━━━━━ DATA PROVIDED

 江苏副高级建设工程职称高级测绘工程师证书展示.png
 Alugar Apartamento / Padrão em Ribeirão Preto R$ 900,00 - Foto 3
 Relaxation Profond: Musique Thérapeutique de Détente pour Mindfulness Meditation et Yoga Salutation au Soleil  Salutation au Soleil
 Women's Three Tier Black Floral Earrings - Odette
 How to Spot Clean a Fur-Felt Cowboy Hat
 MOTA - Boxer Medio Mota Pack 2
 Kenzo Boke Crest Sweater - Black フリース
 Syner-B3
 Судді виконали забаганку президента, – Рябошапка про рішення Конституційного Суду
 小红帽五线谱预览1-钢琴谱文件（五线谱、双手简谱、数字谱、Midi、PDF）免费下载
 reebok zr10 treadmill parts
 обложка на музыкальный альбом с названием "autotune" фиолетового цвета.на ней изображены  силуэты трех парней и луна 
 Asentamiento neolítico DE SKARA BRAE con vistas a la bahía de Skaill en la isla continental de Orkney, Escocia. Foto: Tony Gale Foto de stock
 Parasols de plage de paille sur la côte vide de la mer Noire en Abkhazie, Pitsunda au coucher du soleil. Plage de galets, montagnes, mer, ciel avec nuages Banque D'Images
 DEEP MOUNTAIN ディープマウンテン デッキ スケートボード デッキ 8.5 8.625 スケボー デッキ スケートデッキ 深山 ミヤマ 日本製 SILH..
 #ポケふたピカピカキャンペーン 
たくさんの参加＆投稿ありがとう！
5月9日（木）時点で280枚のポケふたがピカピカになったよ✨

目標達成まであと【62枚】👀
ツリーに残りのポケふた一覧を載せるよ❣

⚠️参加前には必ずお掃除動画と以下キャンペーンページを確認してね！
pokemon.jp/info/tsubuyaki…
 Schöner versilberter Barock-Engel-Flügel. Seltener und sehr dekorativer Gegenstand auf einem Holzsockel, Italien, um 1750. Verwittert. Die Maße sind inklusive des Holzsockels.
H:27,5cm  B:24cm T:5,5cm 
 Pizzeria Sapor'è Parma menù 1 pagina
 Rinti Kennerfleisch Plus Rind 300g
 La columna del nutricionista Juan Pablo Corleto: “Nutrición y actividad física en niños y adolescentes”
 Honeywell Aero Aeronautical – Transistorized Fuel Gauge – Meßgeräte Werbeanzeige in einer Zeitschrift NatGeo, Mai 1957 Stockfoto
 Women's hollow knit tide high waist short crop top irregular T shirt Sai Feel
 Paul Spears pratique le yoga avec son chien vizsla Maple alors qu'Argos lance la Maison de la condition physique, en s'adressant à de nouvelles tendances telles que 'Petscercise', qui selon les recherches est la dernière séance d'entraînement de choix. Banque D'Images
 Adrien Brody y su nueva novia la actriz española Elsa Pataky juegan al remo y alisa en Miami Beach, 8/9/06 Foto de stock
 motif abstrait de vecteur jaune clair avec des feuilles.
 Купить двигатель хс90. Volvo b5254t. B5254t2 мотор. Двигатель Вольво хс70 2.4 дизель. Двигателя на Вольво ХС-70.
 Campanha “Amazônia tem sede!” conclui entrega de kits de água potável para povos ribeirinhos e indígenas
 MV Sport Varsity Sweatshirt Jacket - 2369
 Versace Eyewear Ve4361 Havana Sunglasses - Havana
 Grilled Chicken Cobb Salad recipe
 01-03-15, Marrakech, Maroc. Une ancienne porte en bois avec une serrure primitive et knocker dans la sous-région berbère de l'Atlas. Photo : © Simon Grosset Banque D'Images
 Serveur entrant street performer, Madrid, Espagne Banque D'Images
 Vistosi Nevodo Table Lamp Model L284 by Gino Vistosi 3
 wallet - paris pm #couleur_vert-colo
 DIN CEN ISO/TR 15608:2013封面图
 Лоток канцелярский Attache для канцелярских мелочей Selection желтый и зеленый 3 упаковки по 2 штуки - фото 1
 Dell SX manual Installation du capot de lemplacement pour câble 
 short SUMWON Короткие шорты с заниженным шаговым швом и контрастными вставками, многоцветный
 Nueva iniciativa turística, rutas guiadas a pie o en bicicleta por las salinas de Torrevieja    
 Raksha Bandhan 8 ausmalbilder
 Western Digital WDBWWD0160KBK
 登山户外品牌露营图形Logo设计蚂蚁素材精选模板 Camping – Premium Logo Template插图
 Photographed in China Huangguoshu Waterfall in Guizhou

━━━━━━━━━━

TASK BRIEF:
Each of the records shown above needs to be repeated exactly.

FINISHED TASK:
 江苏副高级建设工程职称高级测绘工程师证书展示.png
 Alugar Apartamento / Padrão em Ribeirão Preto R$ 900,00 - Foto 3
 Relaxation Profond: Musique Thérapeutique de Détente pour Mindfulness Meditation et Yoga Salutation au Soleil  Salutation au Soleil
 Women's Three Tier Black Floral Earrings - Odette
 How to Spot Clean a Fur-Felt Cowboy Hat
 MOTA - Boxer Medio Mota Pack 2
 Kenzo Boke Crest Sweater - Black フリース
 Syner-B3
 Судді виконали забаганку президента, – Рябошапка про рішення Конституційного Суду
 小红帽五线谱预览1-钢琴谱文件（五线谱、双手简谱、数字谱、Midi、PDF）免费下载
 reebok zr10 treadmill parts
 обложка на музыкальный альбом с названием "autotune" фиолетового цвета.на ней изображены  силуэты трех парней и луна 
 Asentamiento neolítico DE SKARA BRAE con vistas a la bahía de Skaill en la isla continental de Orkney, Escocia. Foto: Tony Gale Foto de stock
 Parasols de plage de paille sur la côte vide de la mer Noire en Abkhazie, Pitsunda au coucher du soleil. Plage de galets, montagnes, mer, ciel avec nuages Banque D'Images
 DEEP MOUNTAIN ディープマウンテン デッキ スケートボード デッキ 8.5 8.625 スケボー デッキ スケートデッキ 深山 ミヤマ 日本製 SILH..
 #ポケふたピカピカキャンペーン 
たくさんの参加＆投稿ありがとう！
5月9日（木）時点で280枚のポケふたがピカピカになったよ✨

目標達成まであと【62枚】👀
ツリーに残りのポケふた一覧を載せるよ❣

⚠️参加前には必ずお掃除動画と以下キャンペーンページを確認してね！
pokemon.jp/info/tsubuyaki…
 Schöner versilberter Barock-Engel-Flügel. Seltener und sehr dekorativer Gegenstand auf einem Holzsockel, Italien, um 1750. Verwittert. Die Maße sind inklusive des Holzsockels.
H:27,5cm  B:24cm T:5,5cm 
 Pizzeria Sapor'è Parma menù 1 pagina
 Rinti Kennerfleisch Plus Rind 300g
 La columna del nutricionista Juan Pablo Corleto: “Nutrición y actividad física en niños y adolescentes”
 Honeywell Aero Aeronautical – Transistorized Fuel Gauge – Meßgeräte Werbeanzeige in einer Zeitschrift NatGeo, Mai 1957 Stockfoto
 Women's hollow knit tide high waist short crop top irregular T shirt Sai Feel
 Paul Spears pratique le yoga avec son chien vizsla Maple alors qu'Argos lance la Maison de la condition physique, en s'adressant à de nouvelles tendances telles que 'Petscercise', qui selon les recherches est la dernière séance d'entraînement de choix. Banque D'Images
 Adrien Brody y su nueva novia la actriz española Elsa Pataky juegan al remo y alisa en Miami Beach, 8/9/06 Foto de stock
 motif abstrait de vecteur jaune clair avec des feuilles.
 Купить двигатель хс90. Volvo b5254t. B5254t2 мотор. Двигатель Вольво хс70 2.4 дизель. Двигателя на Вольво ХС-70.
 Campanha “Amazônia tem sede!” conclui entrega de kits de água potável para povos ribeirinhos e indígenas
 MV Sport Varsity Sweatshirt Jacket - 2369
 Versace Eyewear Ve4361 Havana Sunglasses - Havana
 Grilled Chicken Cobb Salad recipe
 01-03-15, Marrakech, Maroc. Une ancienne porte en bois avec une serrure primitive et knocker dans la sous-région berbère de l'Atlas. Photo : © Simon Grosset Banque D'Images
 Serveur entrant street performer, Madrid, Espagne Banque D'Images
 Vistosi Nevodo Table Lamp Model L284 by Gino Vistosi 3
 wallet - paris pm #couleur_vert-colo
 DIN CEN ISO/TR 15608:2013封面图
 Лоток канцелярский Attache для канцелярских мелочей Selection желтый и зеленый 3 упаковки по 2 штуки - фото 1
 Dell SX manual Installation du capot de lemplacement pour câble 
 short SUMWON Короткие шорты с заниженным шаговым швом и контрастными вставками, многоцветный
 Nueva iniciativa turística, rutas guiadas a pie o en bicicleta por las salinas de Torrevieja    
 Raksha Bandhan 8 ausmalbilder
 Western Digital WDBWWD0160KBK
 登山户外品牌露营图形Logo设计蚂蚁素材精选模板 Camping – Premium Logo Template插图
 Photographed in China Huangguoshu Waterfall in Guizhou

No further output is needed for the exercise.